I play four balls ahead.
Always?
That's it?
No.
Sometimes I only play three balls ahead if it's like a fairly easy rack.
But sometimes I like to play four balls ahead.
Like if there's a cluster, then I know I have to break it out.
I can't fuck around.
I have to make sure that I'm on the high side of this ball
because when I collide, when I make the shot,
I have to hit that second ball or I won't be able to get out.
I'm trying to get out.
I'm not trying to just – when I watch someone play,
because everybody likes to say they know how to play pool,
which is hilarious.
People come to my podcast studio.
They're like, oh, you play pool?
Let's play some pool.
Okay, let's play some pool.
I knew you well enough to just say, I don't know shit about pool.
When you're like, do you play pool?
I'm like, nope.
How do I hold this thing?
But I watch how they make a ball.
If they just try to make a ball, I was like, oh, okay, you can't play pool.
You might be able to pocket some balls, but I'm going to fuck you up in the long run.
You might be able to make all the shots and run out, and I'll say congratulations.
That was a disaster.
You got out, but that was terrible.
I did that twice.
It can happen.
Yeah.
It's actually the perfect time to talk about when people try to argue with me why,
when they say, what I'm doing is work and it's always worked.
And they're like, we know you teach that way.
The way that I teach, I would say 80% of the people, it maximizes them to the best of their ability are there a fraction of
people that are like the exemptions to the rule yeah and you can probably go and win a tournament
you could probably at some point in your career if you go to enough major events you'll win one doing it your way but i'm i'm certain that what i'm teaching
will get the mass majority of people more production over a long run they'll be more
effective right the right way to do it is that right is it the same yes it's like i beat you
two games a pool but to me that's like, you know,
if you freaking throw three things out of the window, you know,
one every hundred times is going to land where you think it might land.
But it's just chance.
Well, we're playing on an 8x4, which is a smaller table,
and it has buckets for holes.
I like those buckets.
All those things factor in and you know the table that i have in my studio is sucks it's brutal man
that's a brutal table that's like one of those metal targets that has the softball that's exactly
what it is he's shooting at 40 yards it's an iron buck target every shot i'm like dude i swear i
would have made this shot at my old table at home
you're like yeah these pockets are a little smaller i'm like they're inches they're an inch
and a half shorter than a regulation pocket yeah but that's how i that's how i practice by the way
the last podcast i did with joe on the jre there was a few people that said I might have gone too far on the drink.
Just so everyone knows, Joe was beating my ass for about three hours on the pool table on these small ass pockets.
So I was just like drinking my sorrow away.
And about the time he was all warmed up and had enough of me, he said, let's podcast.

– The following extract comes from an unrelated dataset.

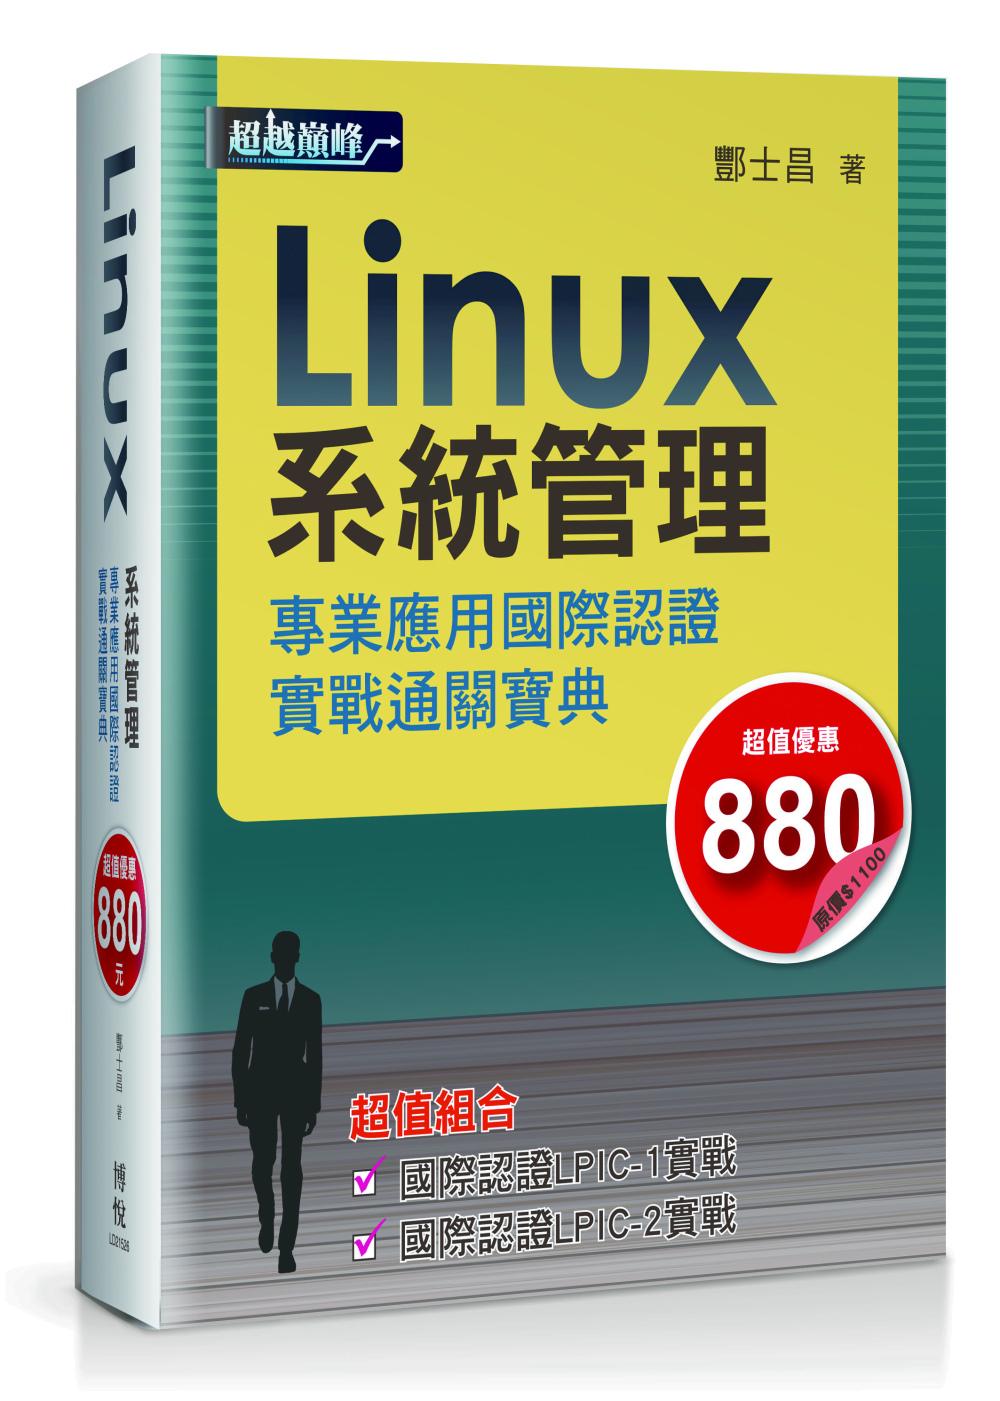 Linux系統管理專業應用國際認證實戰通關寶典

I'm like, I thought we were podcasting tomorrow.
He's like, no, let's just go now.
So, yeah, that.
Yeah, that was a rough one.
You didn't win a single game that time.
That was rough.
That fucking table's rough, man.
That table's rough.
It was.
But that's my practice table.
That's how I like.
That's like putting that outdoorsman atlas pack on.
That's like me taking you right to the tack and be like all right yeah yeah
120 yards hit that sheep yep 37 degree angle good luck no range finder exactly i hope you've
learned some stuff it's uh you know there's levels there's levels to everything and one of the things
that i learned uh very early on when I became obsessed with martial arts
was how important technique is.
To generate power, to generate real power and to do things correctly.
Can you name one field where that's not important?
I can't.
The principles?
No.
I can't.
Comedy, it's with everything.
Like Joey Diaz, when you see Joey on stage, he's so wild and crazy and his comedy is so out there.
You think maybe there's no technique to it, but he's one of the best technicians.
He knows exactly what he's doing.
He does.
But he's such an amazing technician because he has the best economy of words.
Like here's a Joey Diaz joke that I love.
He goes, I like transvestites.
They cook, they clean,
you can beat on them every once in a while.
The cops come, who are they going to believe?
Me or some dude with a wig and a black eye?
Those jokes,
like, that's a great bit. And the jokes come at you
before you know where he's going.
The cops come, who are they
going to believe believe me or some
dude with a wig and a black eye that's a brilliant joke but it's that economy of words and there's a
there's that's like a skill if when you see a comic and they have too many words before they
get to the punchline either that's a new joke and they're trying to figure out how to say it which
i do when i have new jokes i'll oftentimes go back and listen to old recordings of a joke that I'm doing
like three months later where I've got it down.
I'll go back and listen to how I started doing it three months ago,
and it's embarrassing.
It's terrible because there's so many extra words in it.
It's so meandering.
It's just – so there's technique to everything, man, everything.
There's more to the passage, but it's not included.